Every finite set $K = \{x_1, \ldots, x_n\}$ is compact. Given an open cover $\{U_\alpha\}$, for each $x_i$, choose $U_{\alpha_i}$ containing $x_i$. Then $K \subseteq U_{\alpha_1} \cup \cdots \cup U_{\alpha_n}$.

The closed bounded interval $[a, b]$ is compact. This is the content of the Heine-Borel theorem (see Heine-Borel Theorem).

The open interval $(0, 1)$ is not compact. Consider the cover $\{(1/n, 1) \mid n \geq 2\}$. Every point $x \in (0, 1)$ lies in some $(1/n, 1)$ (choose $n > 1/x$), so this is an open cover.
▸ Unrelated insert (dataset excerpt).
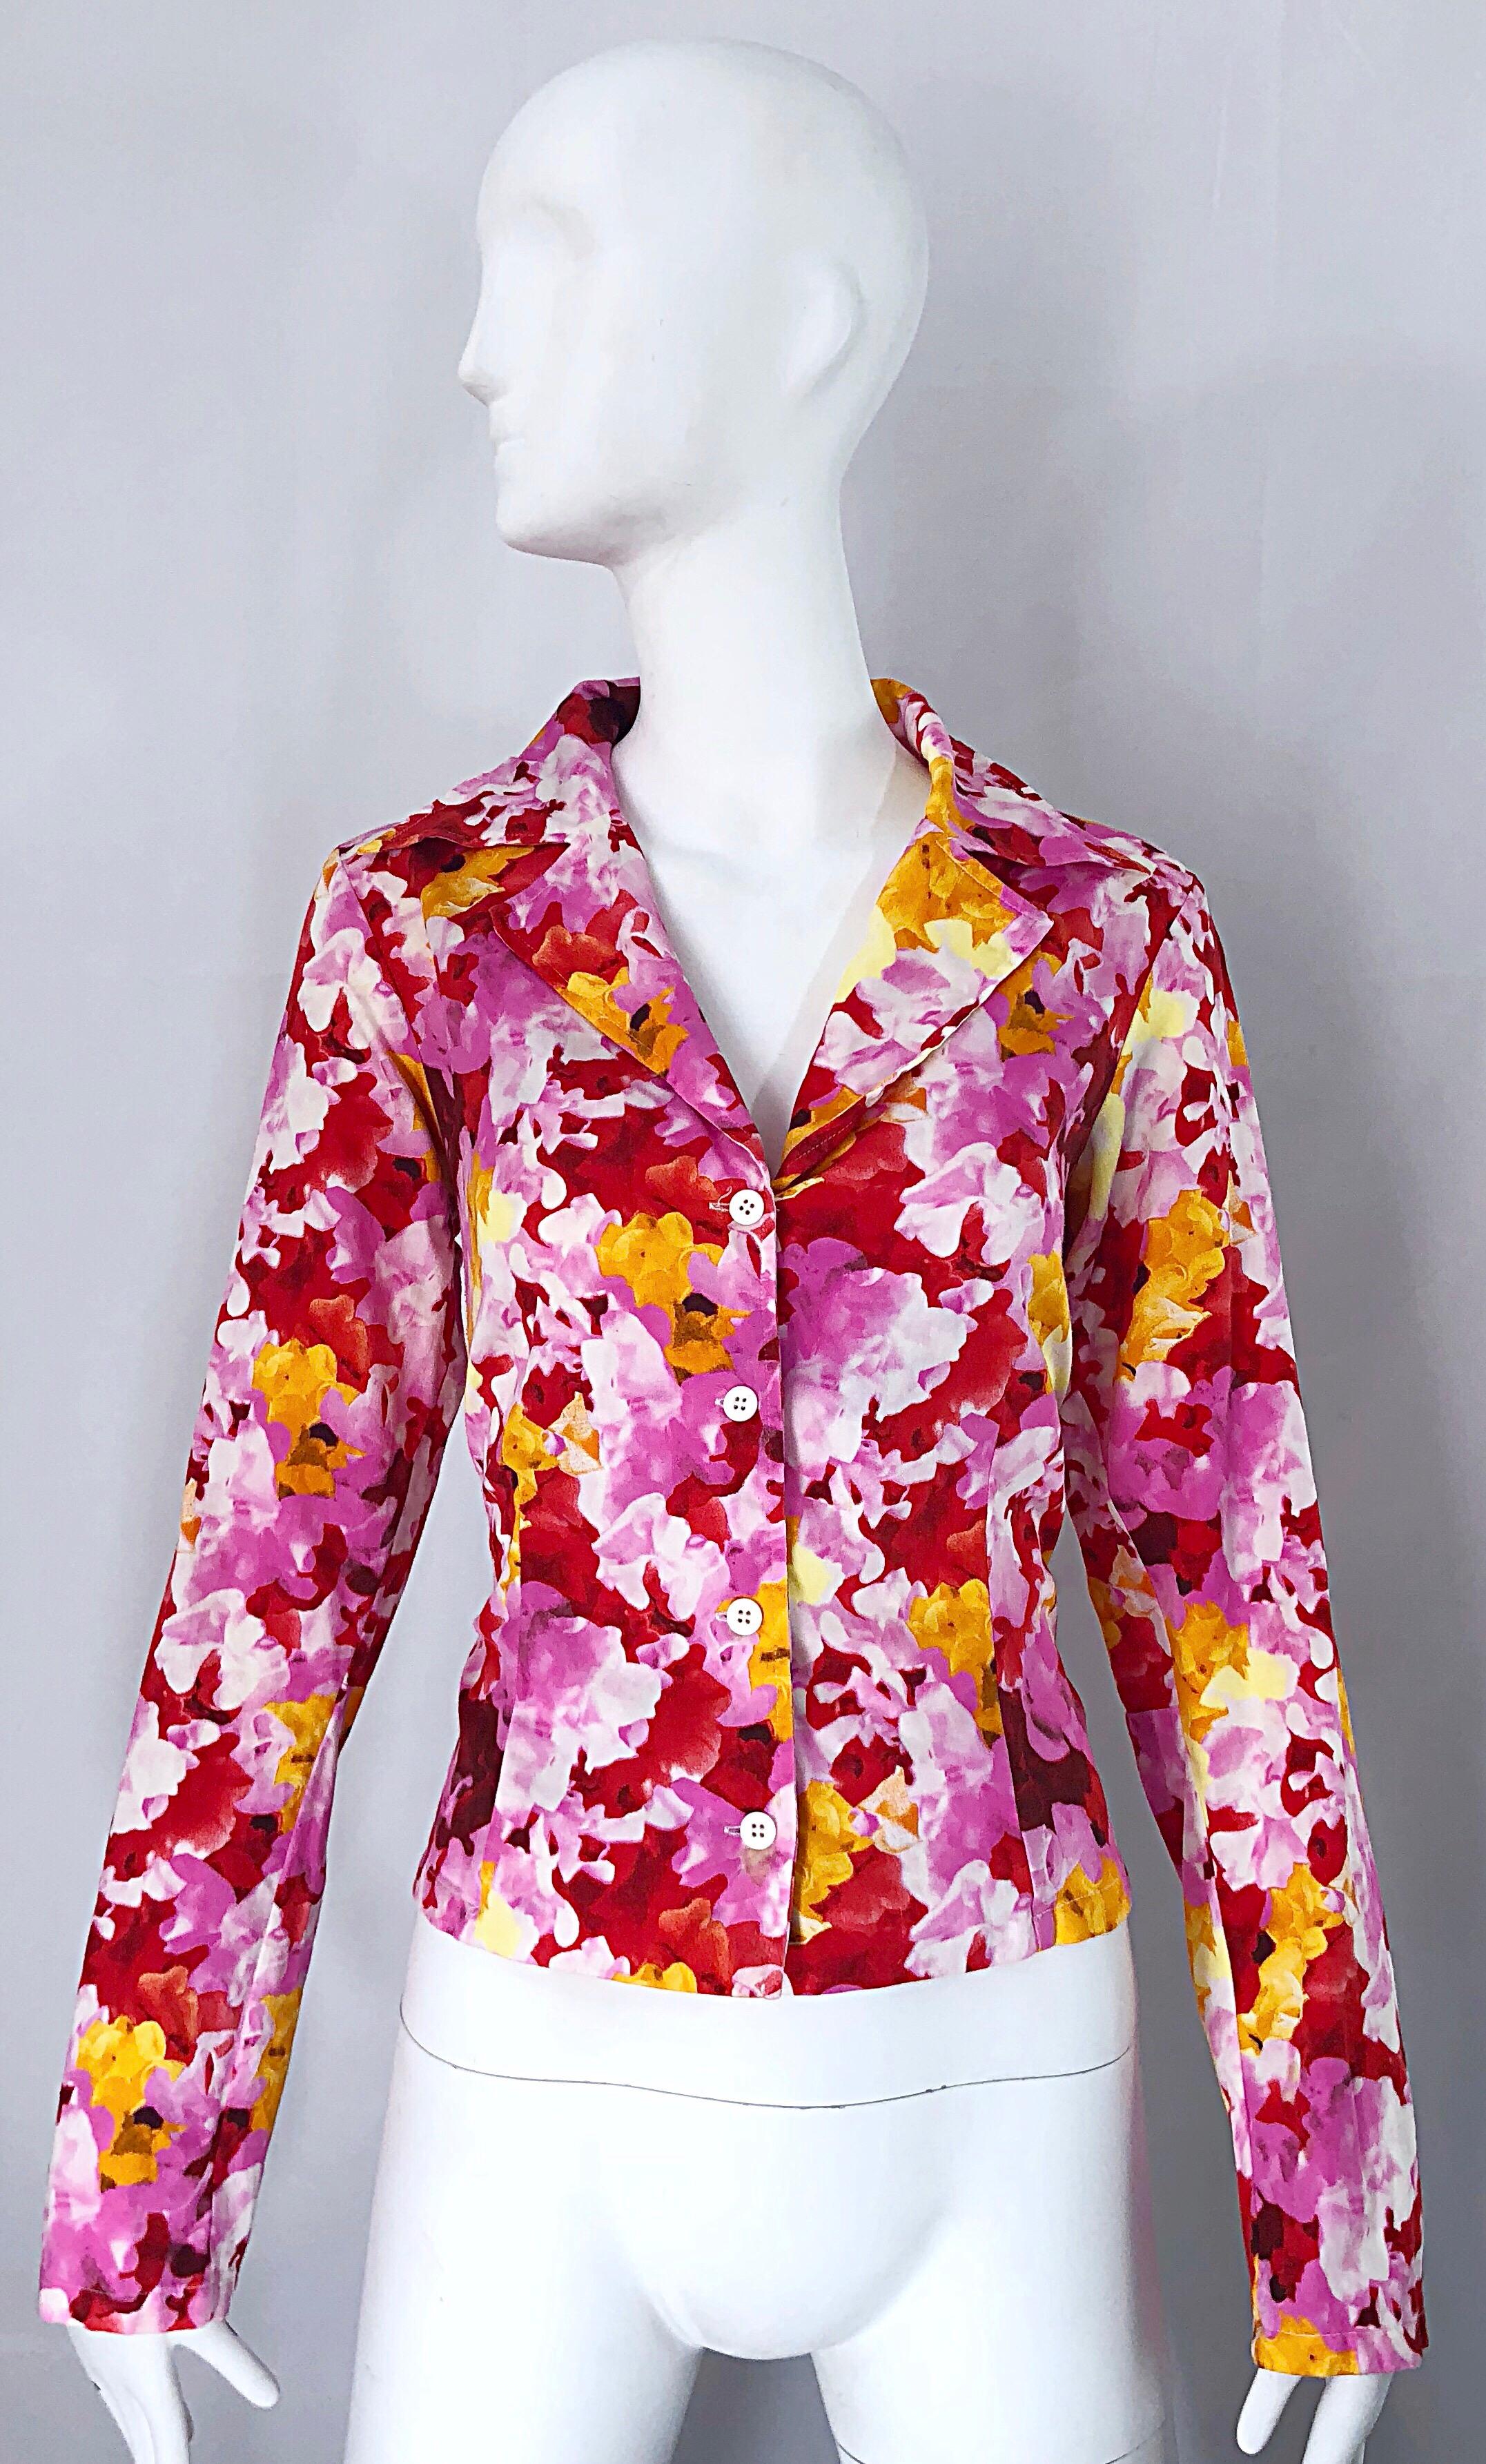 Chic vintage early 90s AGNES B pink, orange, red and white lightweight cotton cropped shirt jacket! Features vibrant abstract prints with 70s style lapels. Buttons up the front. Great tailored fit that is perfect alone or layered. In great

But no finite subcover exists: if we take finitely many $(1/n_1, 1), \ldots, (1/n_k, 1)$, their union is $(1/N, 1)$ where $N = \max(n_1, \ldots, n_k)$, which does not contain $(0, 1/N)$.

$\mathbb{R}$ is not compact. The cover $\{(-n, n) \mid n \in \mathbb{N}\}$ has no finite subcover (any finite union is bounded).

Let $(x_n)$ be any sequence in $[a, b]$. By Bolzano-Weierstrass, $(x_n)$ has a convergent subsequence $x_{n_k} \to L$. Since $a \leq x_{n_k} \leq b$ for all $k$, taking limits gives $a \leq L \leq b$, so $L \in [a, b]$. Thus $[a, b]$ is sequentially compact.

Let $f : [0, 1] \to \mathbb{R}$ be $f(x) = x^2$. Then $f([0, 1]) = [0, 1]$ is compact. The maximum is $\max f = 1$ (attained at $x = 1$), and the minimum is $\min f = 0$ (attained at $x = 0$).

Let $f : (0, 1) \to \mathbb{R}$ be $f(x) = 1/x$. Then $(0, 1)$ is not compact, and $f((0, 1)) = (1, \infty)$ is unbounded (not compact). The function $f$ does not attain a maximum on $(0, 1)$.